The Battle of Junín, which was fought on 6 August 1824, is regarded as one of the definite episodes in the Peruvian War of Independence, which helped to bring to an end the Spanish rule in Peru and the Americas.

The historical sanctuary was established on 7 August 1974, to preserve the historic site of the Battle of Junín, by a decree during the dictatorship of General Juan Velasco Alvarado.

== Geography ==
This historic landmark is located at 4105 m of elevation in a high andean plain known as Pampa de Junín. The historic sanctuary spans an area of 2500 hectare.

== Climate ==
The area has an annual average temperature of 4.8 °C. The rainy season spans from October to April; with an annual average precipitacion of 800 mm.

== Ecology ==

=== Flora ===
The sanctuary also protects part of the puna ecosystem, comprising grasslands and wetlands.

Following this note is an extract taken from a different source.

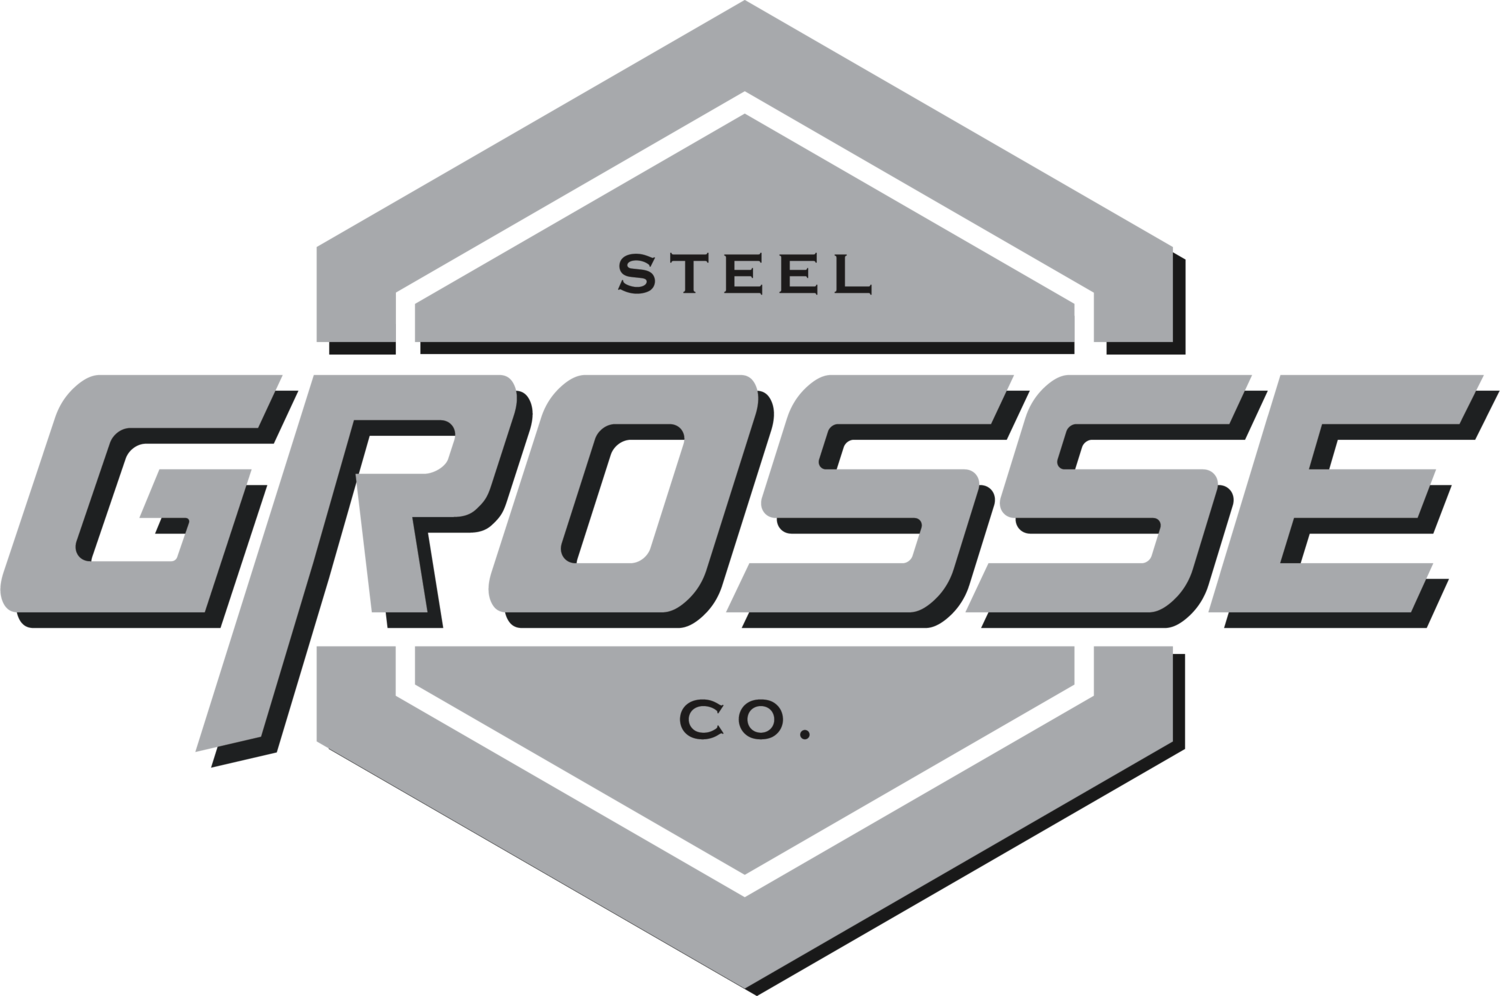 Grosse Steel  Co.

Native plant species found at the site include: Festuca dolychophylla, Jarava ichu, Calamagrostris vicunarum, Carex ecuadorica, Alchemilla pinnata, Trichophorum rigidum, Astragalus garbancillo, Distichia muscoides, Plantago rigida, Werneria nubigena, Hypochaeris taraxacoides, Erythranthe glabrata, Gentiana sedifolia, Luzula peruviana, Acaulimalva crenata, Hordeum muticum, Aciachne pulvinata, Azorella diapensioides, Solanum acaule, etc.

=== Fauna ===
Bird species protected in the sanctuary include: the Puna tinamou, the Andean goose, the Andean flicker, the Puna ibis, the chiguanco thrush, the Andean lapwing, the aplomado falcon, Cinclodes spp., Raimondi's yellow finch, the variable hawk, Anas spp., the Andean hillstar, the black-winged ground dove, etc.

Among the mammals reported in the area are: the vicuña, Molina's hog-nosed skunk, the Andean fox, and the montane guinea pig.

== Activities ==
It is possible to visit the site and have a panoramic view of the plains from two hills inside the sanctuary. There are also archeological sites inside the sanctuary, like the colcas, which were Inca warehouses that once stored food and other goods.

== Environmental issues ==
Land tenure conflict with surrounding communities; livestock grazing; illegal hunting; illegal plant extraction and garbage dumping next to the sanctuary are the main issues that threaten the local biodiversity and the preservation of the site.